Saturday, May 24, 2014

Life Without Poker

It's been over a month since I've played a single hand, and up until just yesterday that was completely fine and seemed to be going great.  But today I find myself with the itch to play, not really because I want to I don't think, but rather because we have a three day weekend here and I'm extremely under-scheduled.  The last few years this weekend found me on the east coast or in Aruba for a wedding, and barring that I'd definitely be visiting a friend or going someplace cool with Danielle because she'd never let an opportunity like this slip away.  And I don't think it's bad that I'm not really doing anything, I just...I dunno, I don't have anything planned for Sunday or Monday and think I'm going to go play.  Just the way it is.

I've apparently turned into an asshat on two plus two, which I blame mostly on posting primarily from my phone but also accept some responsibility for.  I only post on there to maintain friendships with about a small group of close friends, and if I'm going to be stupid about it even that isn't going to work very well so I might as well try a little.

I'm having a business lunch with TylerMes great american poker hero today;  we are going to talk about how it is that he came to buy some rental property and how it might come to pass that he and I might buy some more.  I've wanted to do this for years, and even got so far as to contact an agent in PA and have her send me listings two years ago, but for some reason always let Danielle's "this isn't the right thing to do" speech dissuade me.  I don't have that chirping in my ear now and with Tyler's knowledge of having done it successfully a couple times so far, I'm pretty sure I'm going to end up being a landlord soon, which will be interesting to say the least.  I have a significant percentage of my net worth locked up behind the walls of tax advantaged retirement accounts (not as much as were I to have been listening to Danielle's advice all these years and dropping 10k or whatever I could into a SEP while I was self-employed), but I definitely have enough I can sell to form an LLC with Tyler and buy something.  That's sort of another reason I think I've gotten the itch to play, and it's not good.  I've been falling into my old pattern of thinking the last few days, thinking about striving and where I can get to instead of just enjoying what I have.  Part of me realizes that I have something like 120 days off per year, and that if I spent even half of them playing poker I could log 300-400 hours a year and that would make a non-trivial difference in my income.  But at what cost?  Who knows.  Last week I spent 15 hours on the beach with close to a dozen different friends and you know what?  It was fucking great.  Do I really want to show up at Commerce (or Hustler or GASP the bike) tomorrow at 8am and play poker all day?  I mean....not really.  But could I do it 3 times a month and enjoy it?  Probably.  The enjoy it part is key.  That and being sharp enough to not kid myself about my win rate, which probably means just playing 20/40 or 25/50 or whatever where it almost doesn't matter.

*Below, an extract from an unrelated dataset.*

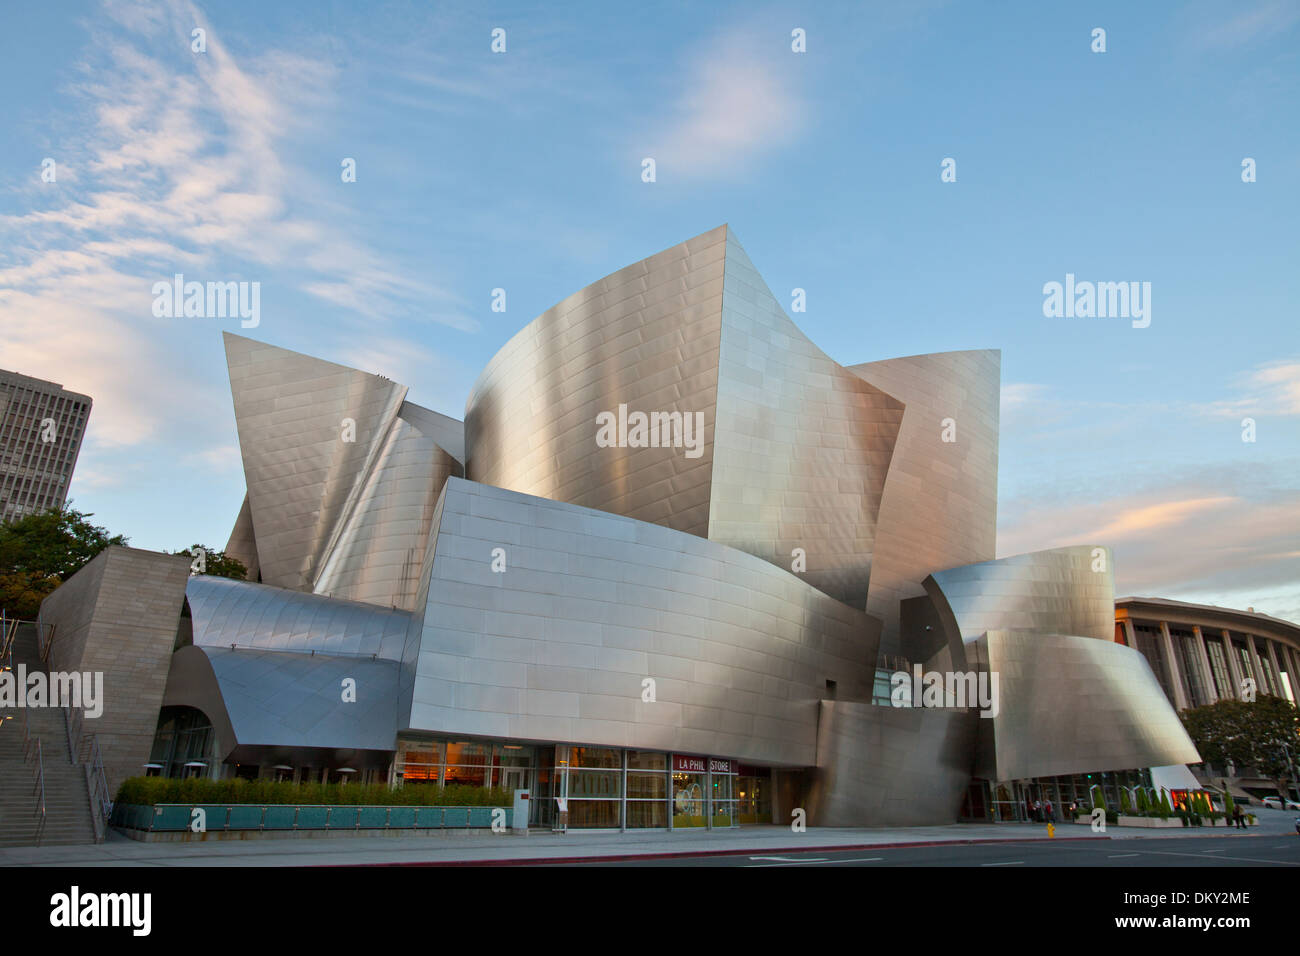 Walt Disney Concert Hall von Frank Gehry, Los Angeles Music Center, Grand Avenue, die Innenstadt von Los Angeles, Kalifornien, USA Stockfoto

So yeah, that's where I'm at.  I bought a wet suit and a boogie board and a surf board and three beach umbrellas and a TV and a coffee table and a tv stand and some box fans and a swiffer and well I'm just kind of muddying along.  I was doing the online dating thing for a bit, but that's pretty much on hold because it's fucking exhausting and discouraging.  I've watched almost all of Deadwood and it's amazing.  I'm working out almost daily and that's great.  I'm down to 162 pounds, on my way from 167 on April 15th or so to 155 on July 15th or so.  It's not clear that I'm going to make it, but I'll at least get close.  I drink too much coffee but it's fucking amazing and as LeoDoc said "coffee is worth it" even though it raises my blood pressure and sometimes gets me anxious and jittery.  I suppose I never really detailed my full foray into sports betting on here, but that's still kicking around although I've figured out how to make it be a very small amount of effort.  Babar moved to LA which I thought was gonna mean I'd see him all the time but actually means he's traveling a bunch and realistically LA is like two days travel from here;  it's super hard to keep up relationships with anybody in life, let alone someone like him or other poker players who live 50 miles away and don't have schedules.  Johnny Baseball is trying to get me to pick up golf again;  so far we hit a bucket and it was glorious, then my wrist started to hurt which is bad, but we'll play again.

I'm just fucking rambling, I can't imagine anybody cares.  My life is completely different than it was 1 year ago, and that life was very different than it was one year before that.  Things are changing, and I can't really see where I'm going, but most of the time that's just fine.  I have a great job working with great people where I'm challenged and learning on a daily basis, I have good friends, and I live at the fucking beach.  Sure I feel like I miss her, but really what I miss is the comfort and familiarity she provided and the abstract idea of her.  We stayed together on potential for years;  it makes sense that now 2 months removed I mostly think of her in terms of that very same potential (for change and happiness) that drove me forward all that time.  I do miss our pets truly and deeply, and if I break the no-contact rule we have in place it will be to ask to take charge of Tyson for a week or two.  That's all I've got, it's time to go learn about buying property.